RewriteRule ^photos/?$ /gallery.php?category=%1 [L]
which will result in the album parameter being used as category instead.
Match on IP address
Another useful feature of the RewriteCond is to match on IP address. The next example will redirect all visitors to the offline.html file unless they are coming from IP address 192.168.3.5. An example of where you may want to do this is when performing an upgrade to the website where other visitors are sent to an "upgrade in progress" page, but allowing the administrator access to the page to test it before going live.
Warning: Don't use this rule as it is – see the improved version afterwards.
# Rewrite on IP address example - do not use on a real site

RewriteCond %{REMOTE_HOST} !^192\.168\.3\.5

RewriteRule .* /offline.html [R=302,L]
The IP address of the visitor is accessible as %{REMOTE_HOST} and in this case I match on not (!) 192.168.3.5
I've also used the 302 rewrite rule which is a http temporary redirect.
The problem with the rule above is that it will also match on the offline.html file creating a loop.

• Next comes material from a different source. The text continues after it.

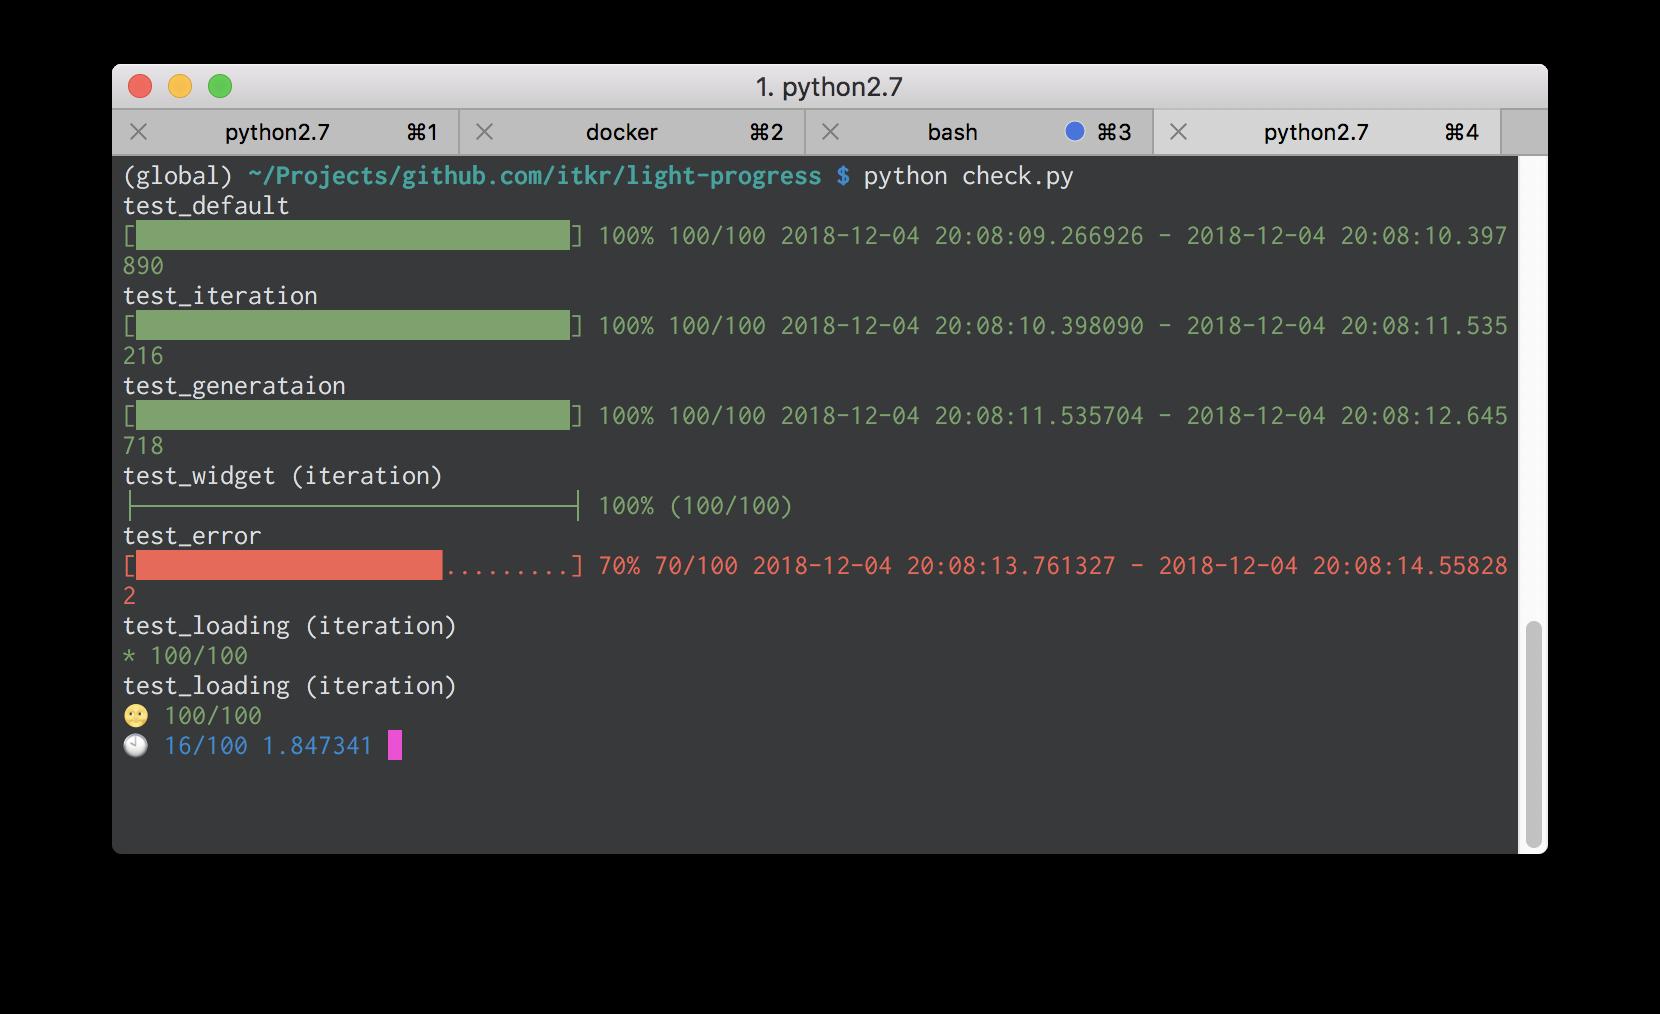 Pythonで `light-progress` を使って進捗(プログレスバー)を表示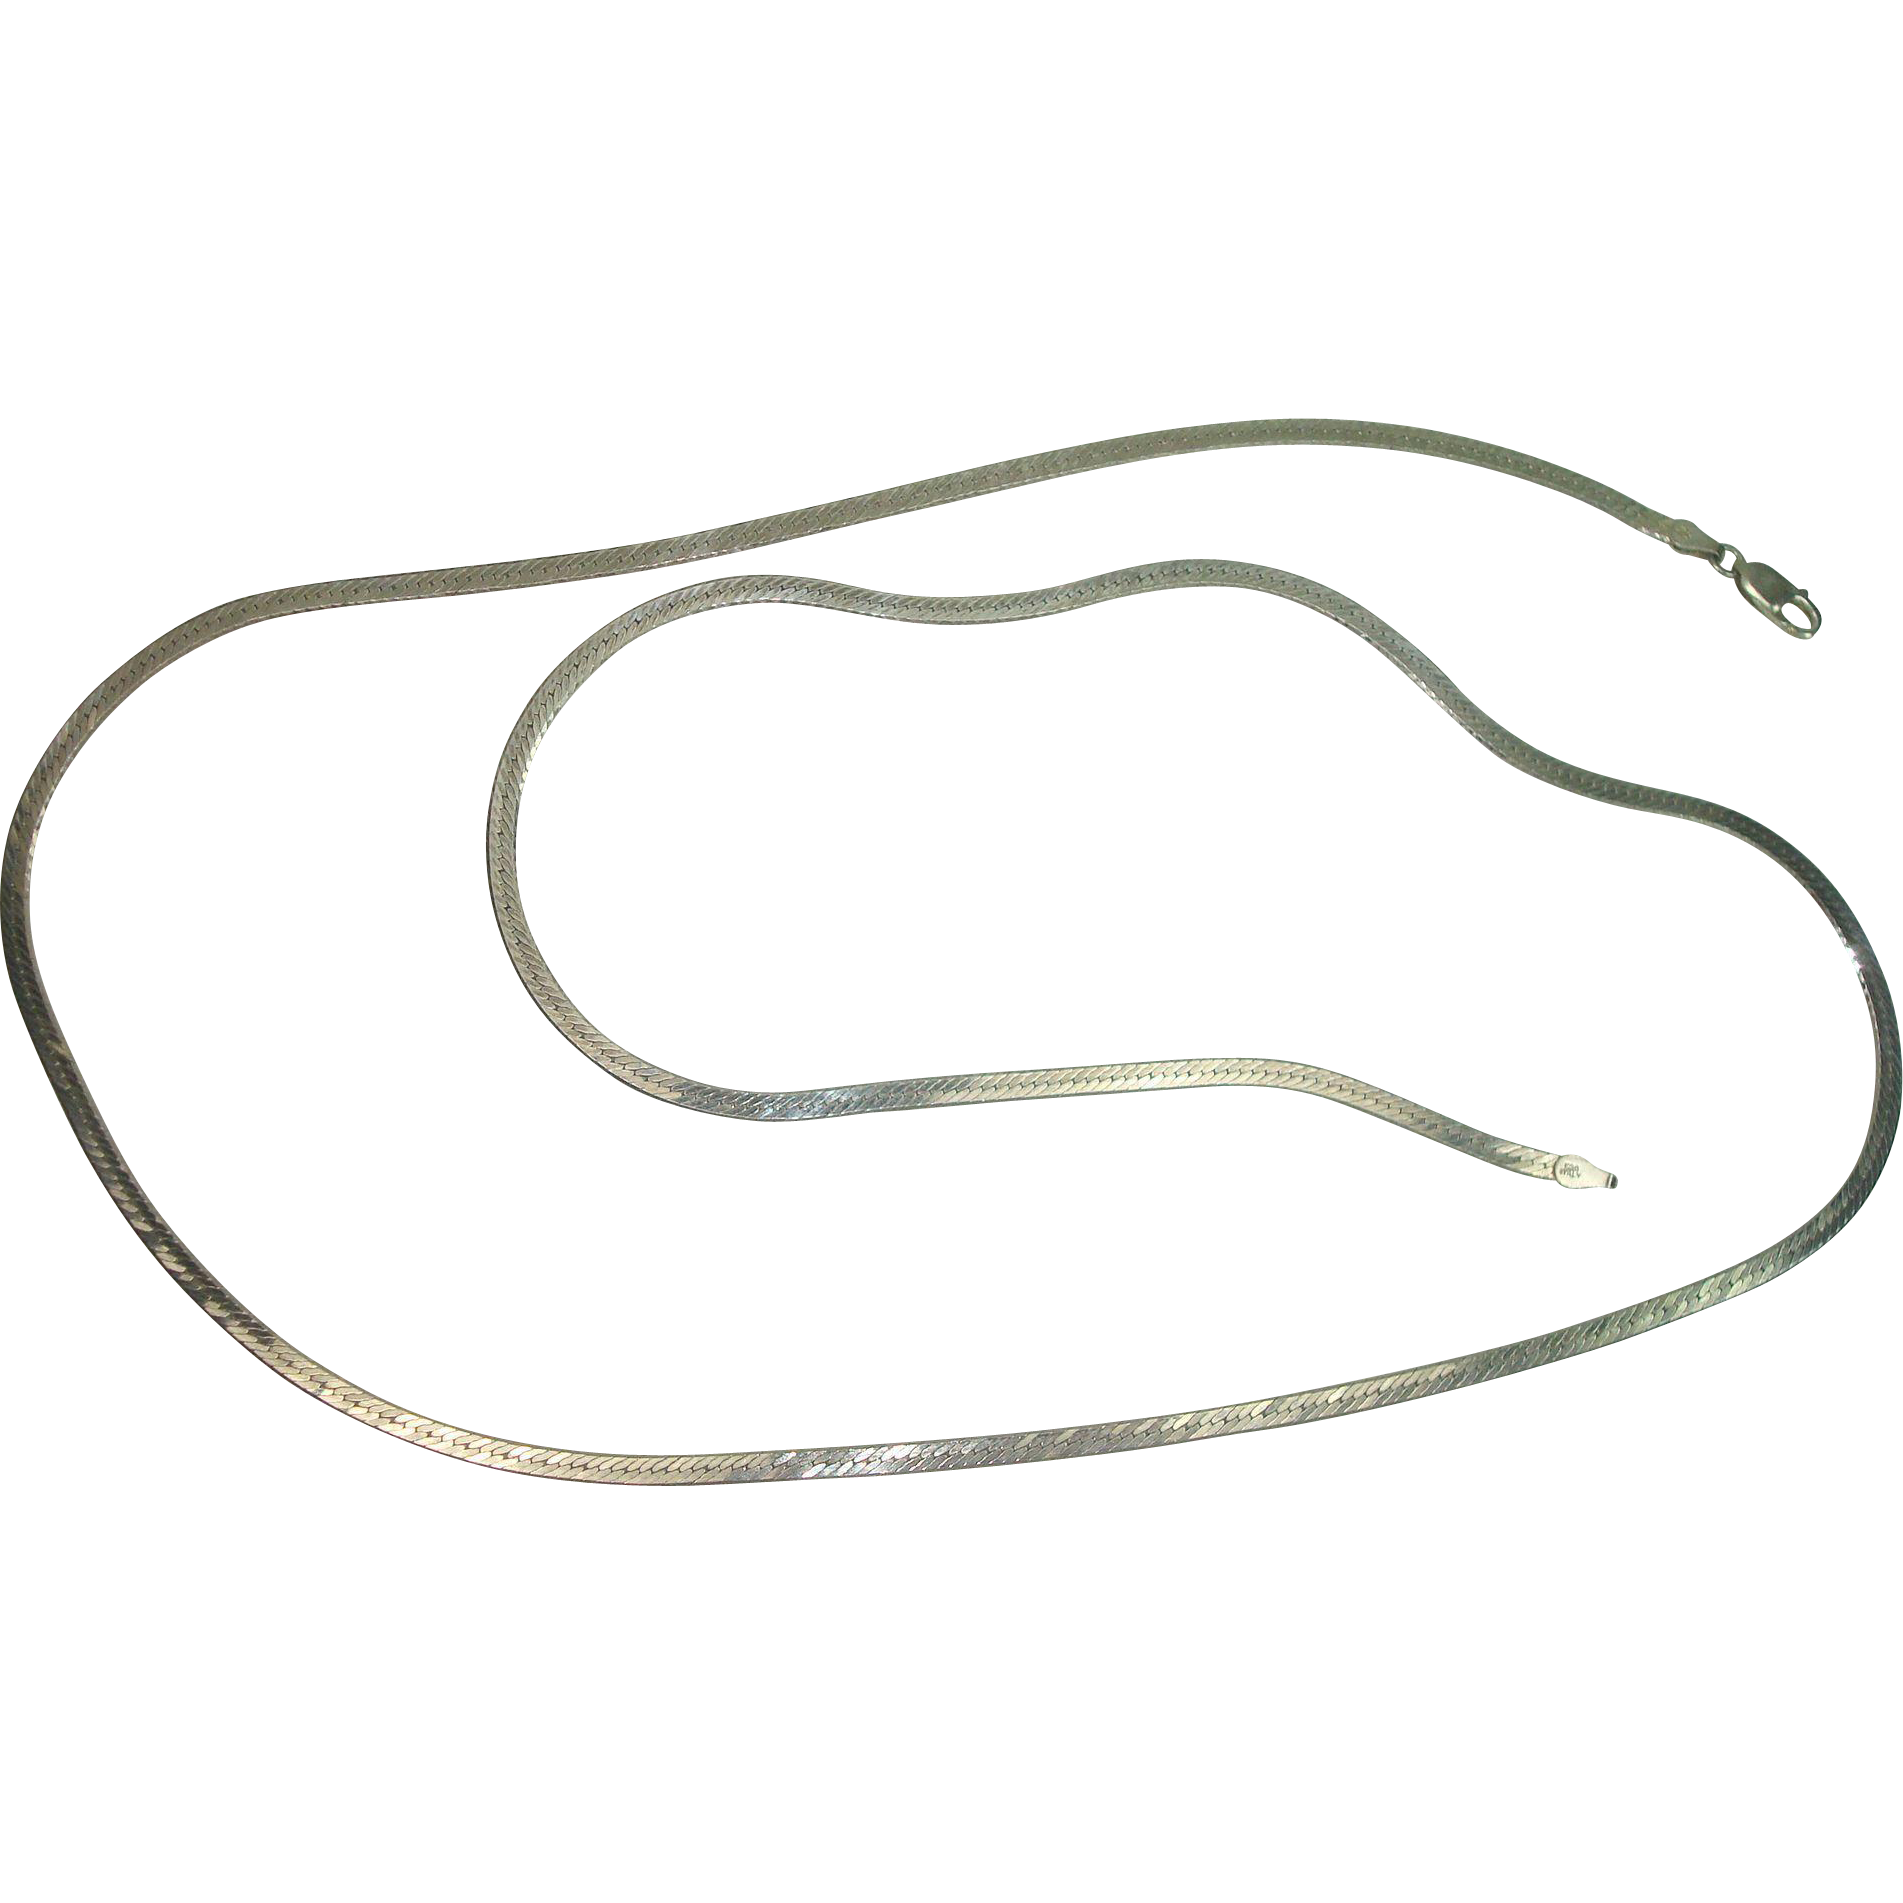 "Italian Sterling 30"" Herringbone Necklace"

It is however possible to chain multiple RewriteCond rules together and the following gets around that by only Rewriteing in the request is not for the offline.html file.
# Rewrite on IP address example - improved version

RewriteCond %{REMOTE_HOST} !^77\.103\.252\.244

RewriteCond %{REQUEST_URI} !/offline\.html$

RewriteRule .* /offline.html [R=302,L]
Conclusion
From the few examples above it is easy to see just how versatile mod_rewrite can be. It can manipulate the request in just about anyway you can think of. This is useful when trying to provide user friendly URLs, files being moved, or a temporary maintenance mode.


The combination of RewriteCond and RewriteRule can be used to do lots more, but hopefully this has provided enough information to get started.